The callback function for the collection/resource scan takes two parameters:

  • the path to the collection
  • the full resource path if the current item is a resource, or the empty sequence if it is a collection

We start by calling dbutil:scan-collections with an inline function. This gets the path to the current collection and first calls the user provided callback with the collection path and an empty sequence for the resource parameter. Note that the variable $func, which we received as parameter to the outer call, is visible within the inline function due to the closure!

Now to the interesting code: for each collection, we call dbutil:scan-resources. Remember that it expects a callback function with just one parameter (the resource path), but the user-supplied $func takes two parameters. We could now work around this by changing dbutil:scan-resources, but there's an easier way: we pass a partial function application, providing $collection as a fixed parameter while leaving the resource parameter open!

We now have all our library functions in place and are ready to use them. For a first test, here's a function which scans the collection hierarchy for resources having a given mime type:

declare function dbutil:find-by-mimetype($collection as xs:anyURI, $mimeType as xs:string) { dbutil:scan($collection, function($collection, $resource) { if (exists($resource) and xmldb:get-mime-type($resource) = $mimeType) then $resource else () }) };

If our inline function receives a $resource parameter, we check its mime type and return the resource path if it matches. In all other cases, the empty sequence is returned. We can now test if our library works as expected:

import module namespace dbutil="http://exist-db.org/xquery/dbutil" at "xmldb:exist:///db/codebin/dbutils.xql"; dbutil:find-by-mimetype(xs:anyURI("/db/demo"), "application/xquery")
Edit

You can view the code for the complete module.

Another operation you will probably need when migrating your database from eXist-db version 1.4.x to the forthcoming 2.0: traverse the collection tree and fix permissions on all collections and XQuery resources. Contrary to previous versions, eXist-db 2.0 closely follows the Unix security model. To access a collection, it is no longer sufficient to have read permissions on it: you also need the execute permission in order to see the collection contents. Likewise, stored XQuery modules need the execute flag to be set in order to be executed through eXist-db.
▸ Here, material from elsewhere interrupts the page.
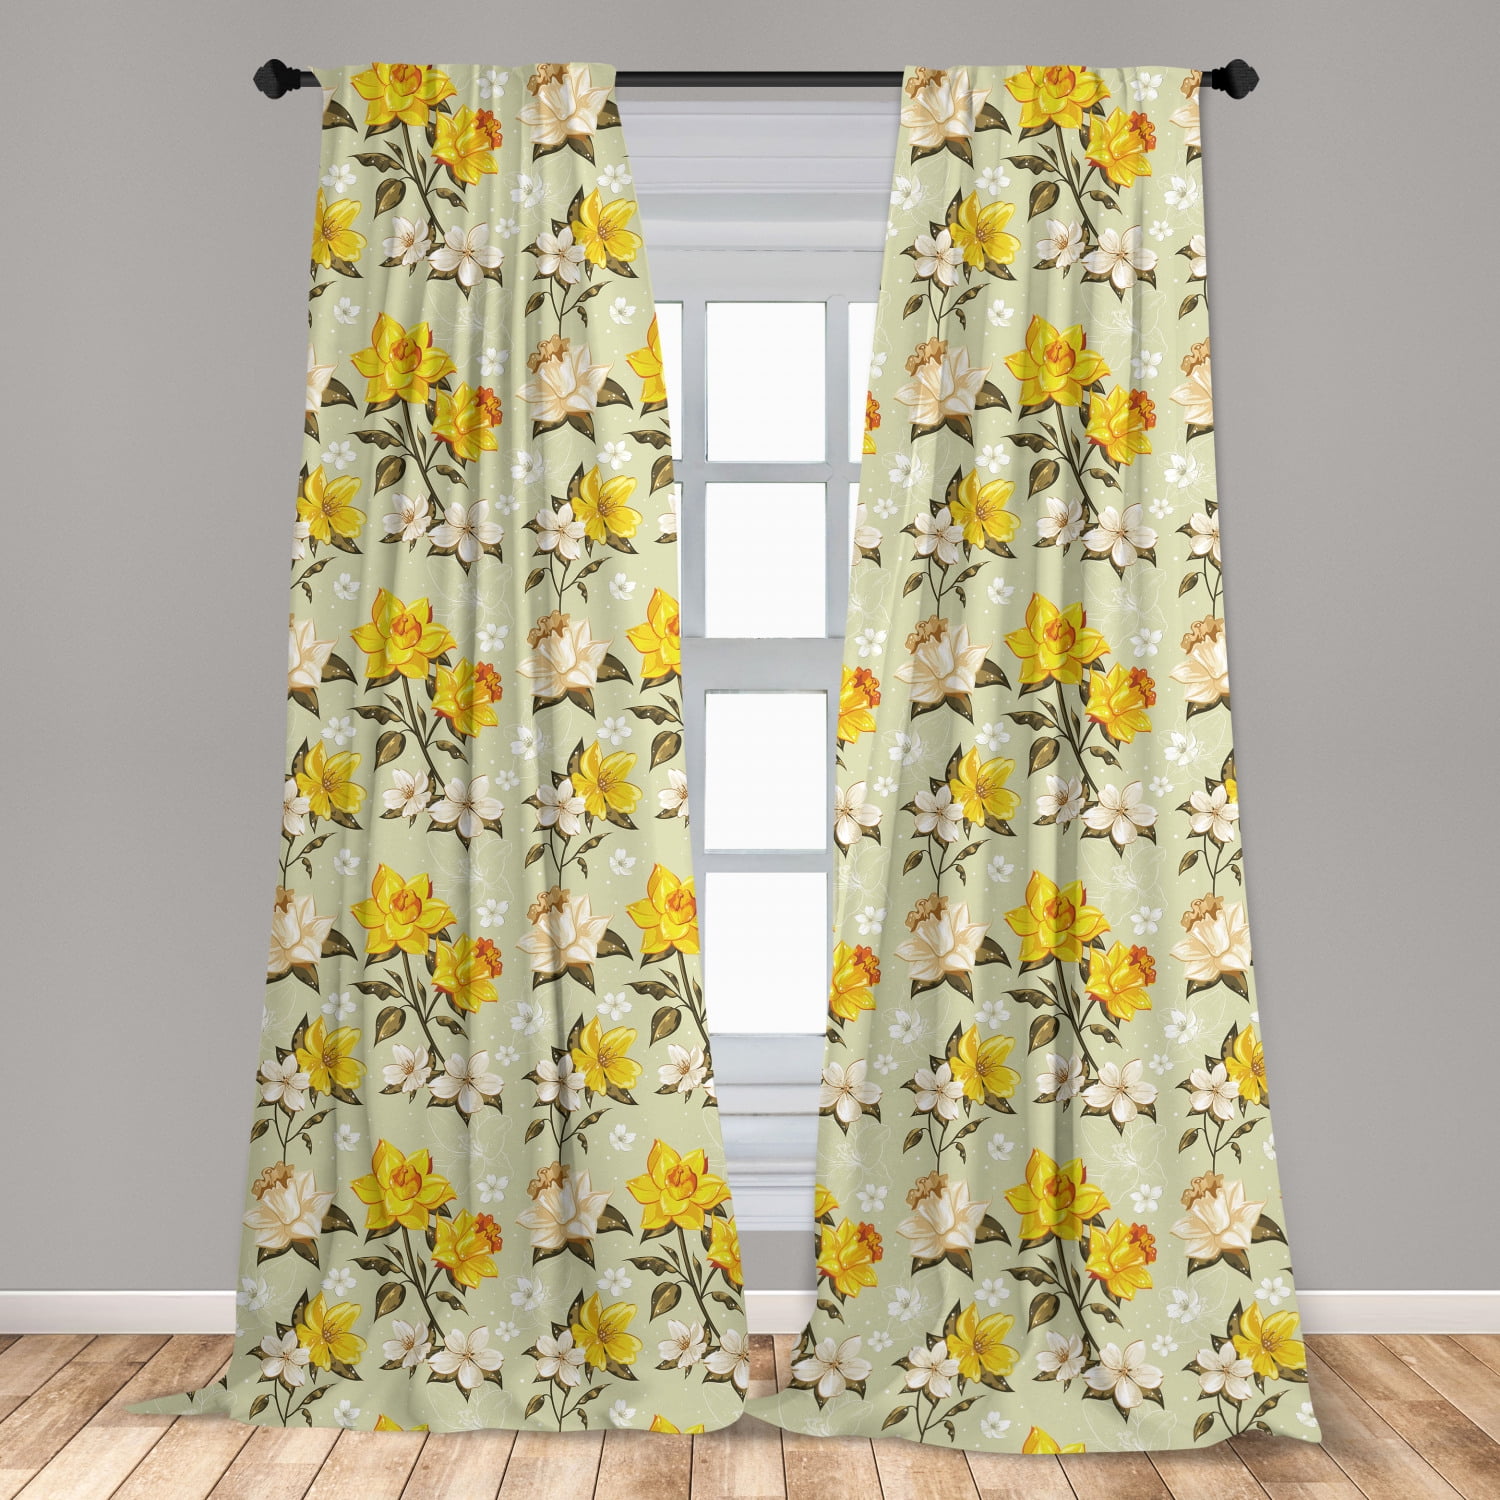 Narcissus Black Stone 3D Blockout Photo Printing Curtains Draps Fabric Window

Here's a piece of code to globally reset permissions:

xquery version "3.0"; import module namespace dbutil="http://exist-db.org/xquery/dbutil" at "xmldb:exist:///db/codebin/dbutils.xql"; (: You need to run this as an admin user, so it won't work on the demo server :) let $perms := "g+x,u+x,o+x" return dbutil:scan(xs:anyURI("/db"), function($collection, $resource) { if ($resource and xmldb:get-mime-type($resource) = "application/xquery") then sm:chmod($resource, $perms) else sm:chmod($collection, $perms) })
Edit

Availability and Backwards Compatibility

Complete support for XQuery 3.0 higher-order functions is available in eXist-db trunk (2.1dev) starting with revision 16248 (April 14, 2012). It will also be part of the final 2.0 release. We're currently working hard to complete the last bits and pieces for the release.

eXist-db provided ways to dynamically call functions since several years, based on the two extension functions util:call and util:function. They are used in several modules (e.g. the KWIC module).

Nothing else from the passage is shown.